** Input follows **

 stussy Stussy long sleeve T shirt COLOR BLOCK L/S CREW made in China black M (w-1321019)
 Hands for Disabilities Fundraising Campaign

** End of Input **
** Input follows **

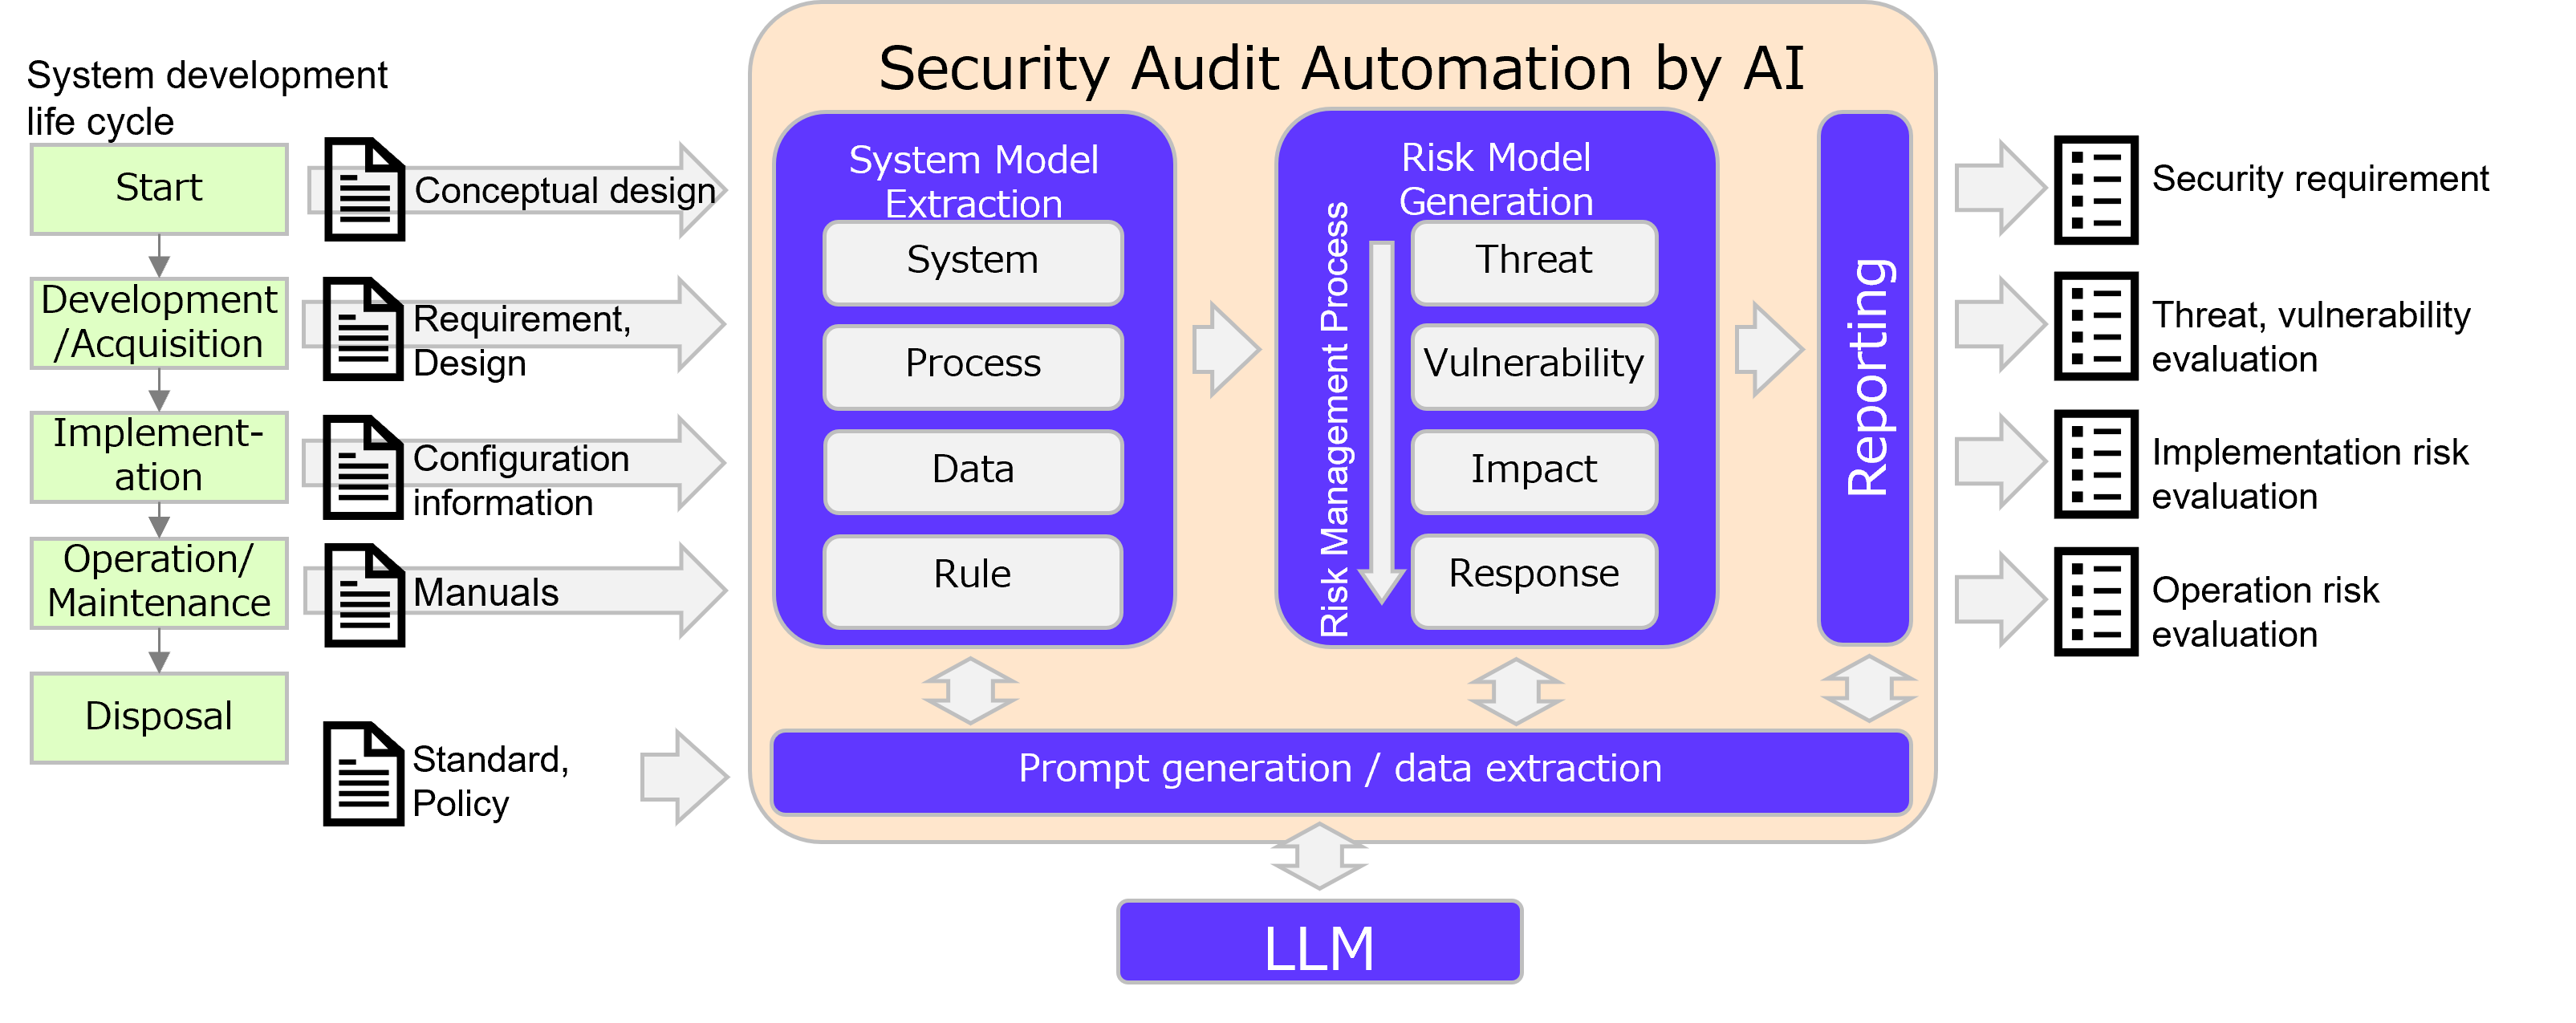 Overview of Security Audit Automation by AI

** End of Input **

What the exercise asks: Out of the material above, output word for word the line with "stussy Stussy long", the line with "Hands for Disabilities Fundraising Campaign", and all lines between them, with nothing else.

Answer to this exercise:
 stussy Stussy long sleeve T shirt COLOR BLOCK L/S CREW made in China black M (w-1321019)
 Hands for Disabilities Fundraising Campaign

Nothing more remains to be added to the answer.